The “Catfish mouth” grille as the chrome-laden ’55 Studebaker grilles came to be called.
It was in this context that the one year only Studebaker Speedster was introduced. For the auto show circuit, Studebaker fitted out 14 President Starliners with almost every option in the catalog, gave the cars special badges and a special interior. The first 14 were all painted in Hialeah Green and Sun Valley Yellow, more commonly called “Lemon and Lime.” Studebaker recycled the Speedster name they had last used in the 1920’s for the cars. The “President” name was also recycled, having last been used by Studebaker in 1942.
The Speedsters were well-received on the show circuit and Studebaker launched it as a special mid-year model. The Speedsters were fitted with the 259 cubic inch V-8 fitted with a four barrel carburetor and dual exhausts. Power steering, power brakes and white wall tires were standard. The Speedsters got a handsome engine-turned instrument panel fitted with Stewart-Warner gauges including a 160 mph speedometer and an 8,000 rpm tachometer. The seats were trimmed with beautiful and unique-to-the Speedster diamond-stitched leather. Also standard on the Speedster were wire wheel covers, fog lights mounted in the front bumper and dual back-up lights at the rear. (Back-up lights were an extra-cost option on most cars in those days …)

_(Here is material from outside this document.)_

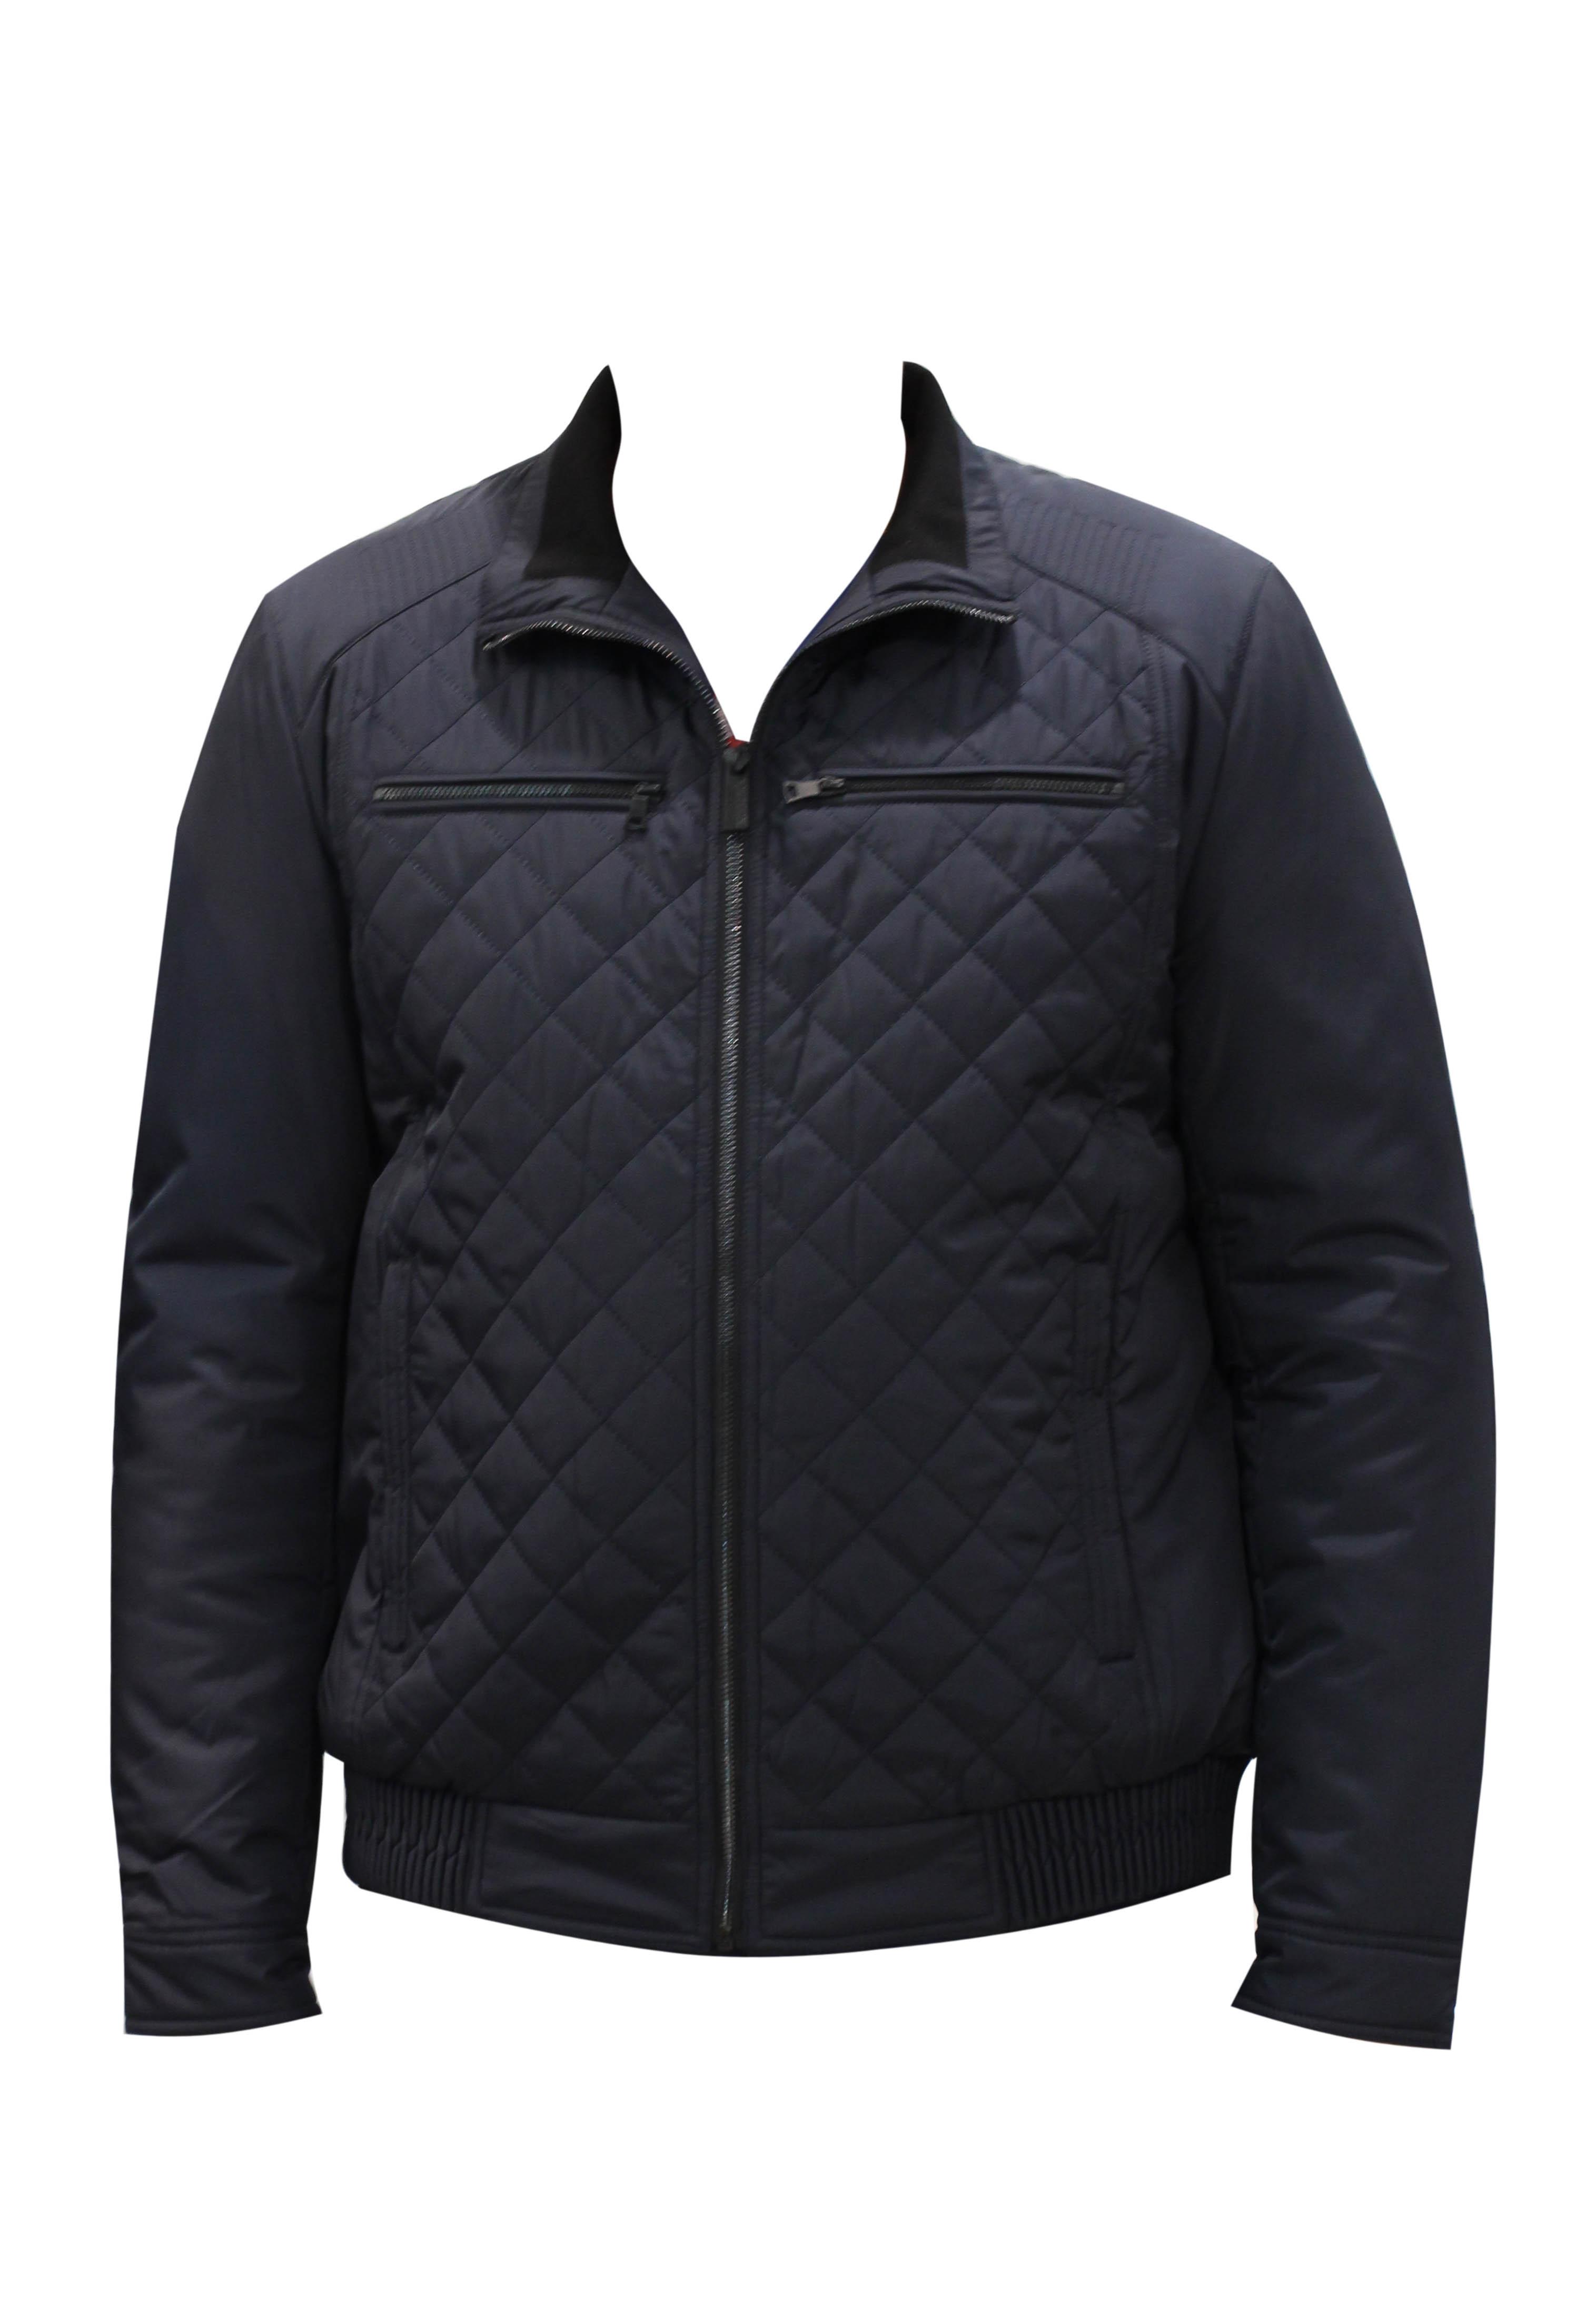 Демисезонная куртка Санкт-Петербург BriksTon glazzex

The Hialeah Green and Sun Valley Yellow paint scheme proved to be the most popular of the Speedster production colors, while other available combinations (there were eight total) included Shasta White/Velvet Black and Coraltone/Pimlico Gray, all with matching interior schemes. Three tone paint schemes were also available.
Above: The striking color combination of Coraltone and Pimlico Gray is very rare as it appeared on only 82 of the Vernon plant cars and 219 Speedsters overall.
The catalog art above shows the extra bright metal and badging found exclusively on the Speedster, including the wide basket-handle trim (inset) that dressed out the C-pillar and rear window.
The handsome engine-turned instrument panel is fitted with Stewart-Warner gauges including an 8,000 rpm tachometer.
The beautiful diamond-stitched leather interior. The rear package shelf received the same treatment – a luxury touch.
The door panels were also covered with the diamond-stitched leather but in a contrasting color to the seats.
Studebaker’s Speedster was viewed by some in the automotive press as being Studebaker’s five passenger coupe answer to the two seat Chevrolet Corvette and Ford Thunderbird. Sporty cars were in demand; British sports cars such as the MG, Triumph and Jaguar were catching a lot of attention in those years. The Speedster gave Studebaker a sporty but low-budget answer to all of those cars. Bourke’s five passenger coupe also became a precursor to the luxury coupe market launched by Ford’s ’58 “Squarebird.” The Speedster spawned the Hawk series for Studebaker beginning with the 1956 models. The Hawks became one of Studebaker’s longest-running car model lines.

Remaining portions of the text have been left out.